As part of this project, we observed over 150 potential planets to identify false positives and gain a better understanding of these targets' population. As part of this project, I automated an existing IDL pipeline and increased the data preparation throughput by 10x.
To the right is the first identified false positive I made during this project. For a time, I was probably the only person who knew that this second star existed which was very cool to think about.
Reducing False Positive Planet Detections by Identifying Stellar Noise Contributions
My Role: Lead Researcher
My second published scientific paper was written from the results of my second year project. For this project, we used a novel new technique to identify noise from stars and combined it with data from a NASA solar observatory satellite.
Combining these, we were able to use the sun as a proxy and identify the wavelengths of light which produced the least amount of stellar noise. These observations could allow future instruments to be built that would reduce the chance of false positive planet detections.
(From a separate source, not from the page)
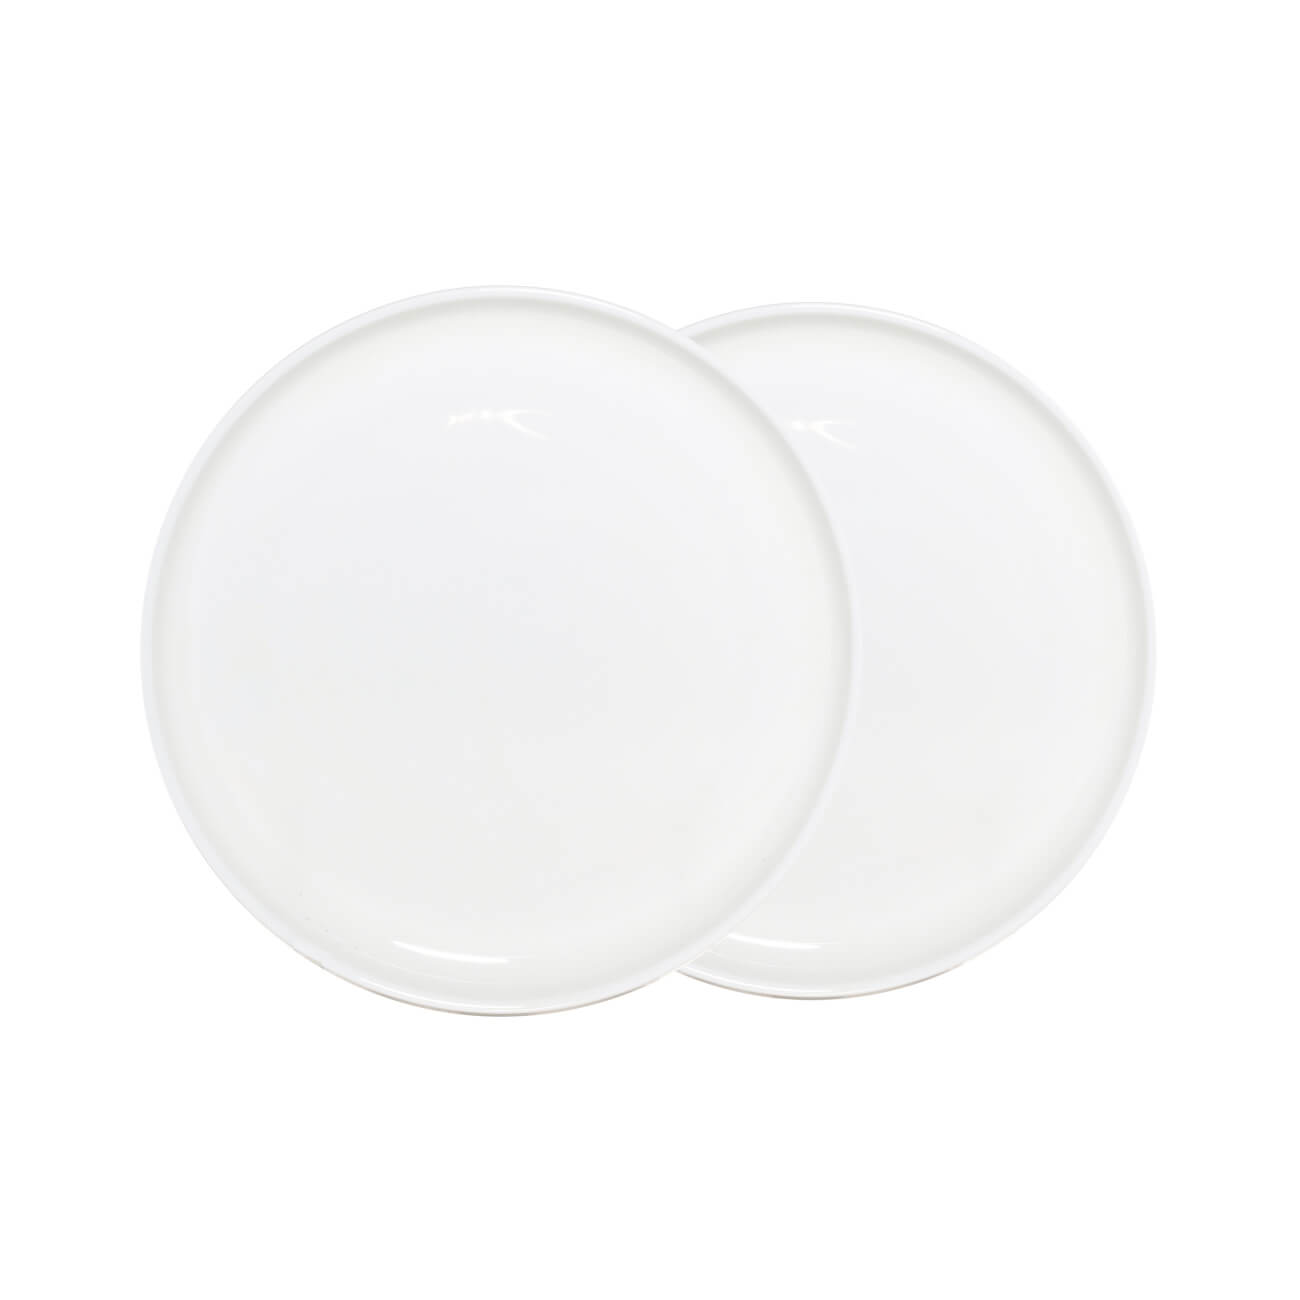 Тарелка десертная, 20 см, 2 шт, фарфор F, белая, Ideal white салатник 15х7 см 800 мл фарфор f белая ideal white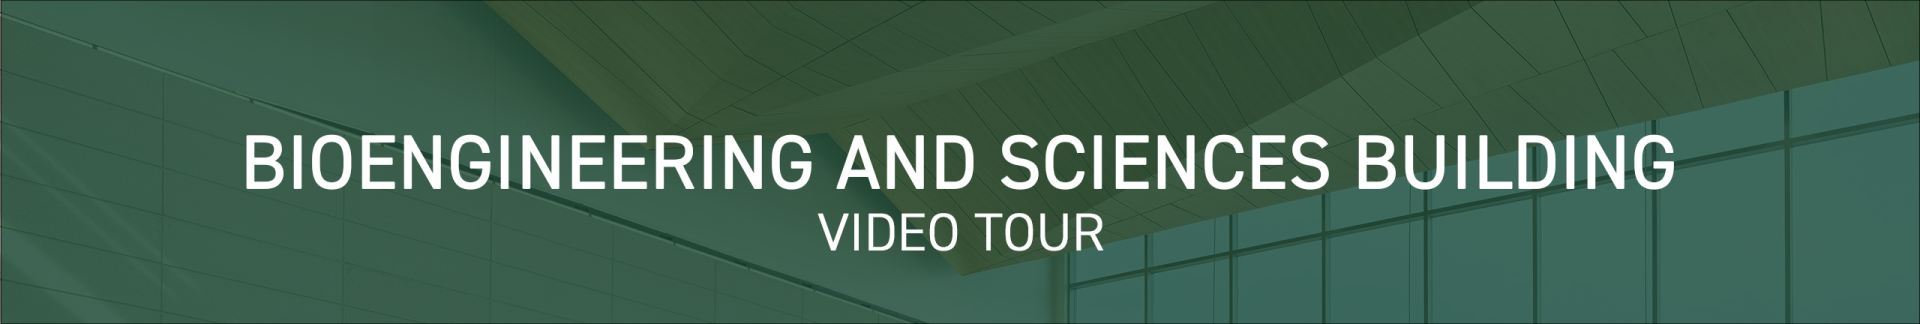 Bioengineering and Sciences Building Video Tour

Mapping Magnetic Fields in Galactic Molecular Clouds
My Role: Lead Researcher
As an undergraduate, I worked as part of the Galactic Plane Infrared Polarization Survey (GPIPS). My main research, and what later became my first published scientific paper, focused on combining the survey's data with data from 3 other surveys to create the first resolved map of magnetic field strengths in a molecular cloud.
These maps gave the first estimated strength of magnetic fields in molecular clouds. These measurements were important because up until these measurements, astronomers used rough estimates when simulating star formation. Now, we have an accurate method to measure these values which will help us better understand how stars are formed and what role the galactic magnetic field plays in that process.